How Common Are School Shootings? | Cato @ Liberty


----------



## high pockets (Apr 25, 2011)

In Gwinnett County, GA., we held Active Shooter Response Training throughout this past summer (while there was no school in session). The primary goal of this training was to help the Police and Fire Departments (Paramedics) learn to work together in an Active Shooter situation. You may scoff at the possibility of it ever happening, but with the 4th largest school system in the US, Gwinnett County decided it was worth the expense and effort. While the training really did nothing additional to prevent a situation, at least the Police and Fire Departments have a better idea how to respond in the most efficient way to neutralize a shooter and to get the most aid to persons caught up in the situation.
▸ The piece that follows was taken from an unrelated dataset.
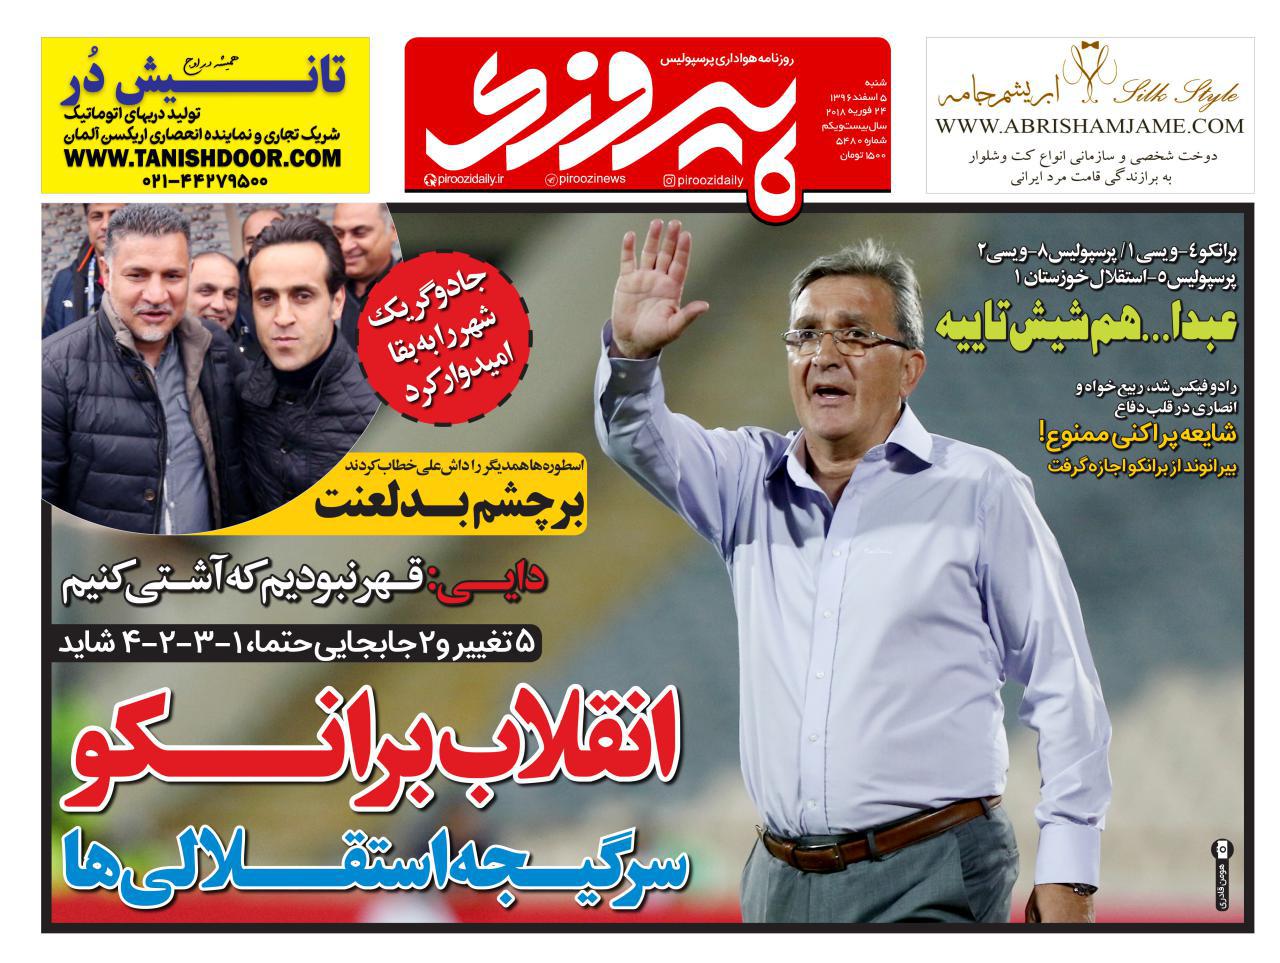 جلد روزنامه پیروزی، 5 اسفند 96

One of the most important things learned over the summer was that Police radios work in a very spotty fashion within a large school, while the Fire Department radios worked fine. We learned there needs to be an emphasis placed on better radio communication, and that Police radio has some improving in it's future.


----------



## shootbrownelk (May 18, 2014)

According to the Scottsman Actor Neeson a school shooting happens every hour on the hour.
He doesn't feel safe here in America! He does like our money however!


----------



## GCBHM (Mar 24, 2014)

They are nowhere near as common as gun control advocates want us to believe. More people are killed in car accidents than guns. In fact, there have been more people killed in car accidents from 1950 to date than in all wars ever fought. But we don't see car control advocates trying to ban high performance cars.


----------



## RK3369 (Aug 12, 2013)

shootbrownelk said:


> According to the Scottsman Actor Neeson a school shooting happens every hour on the hour.
> He doesn't feel safe here in America! He does like our money however!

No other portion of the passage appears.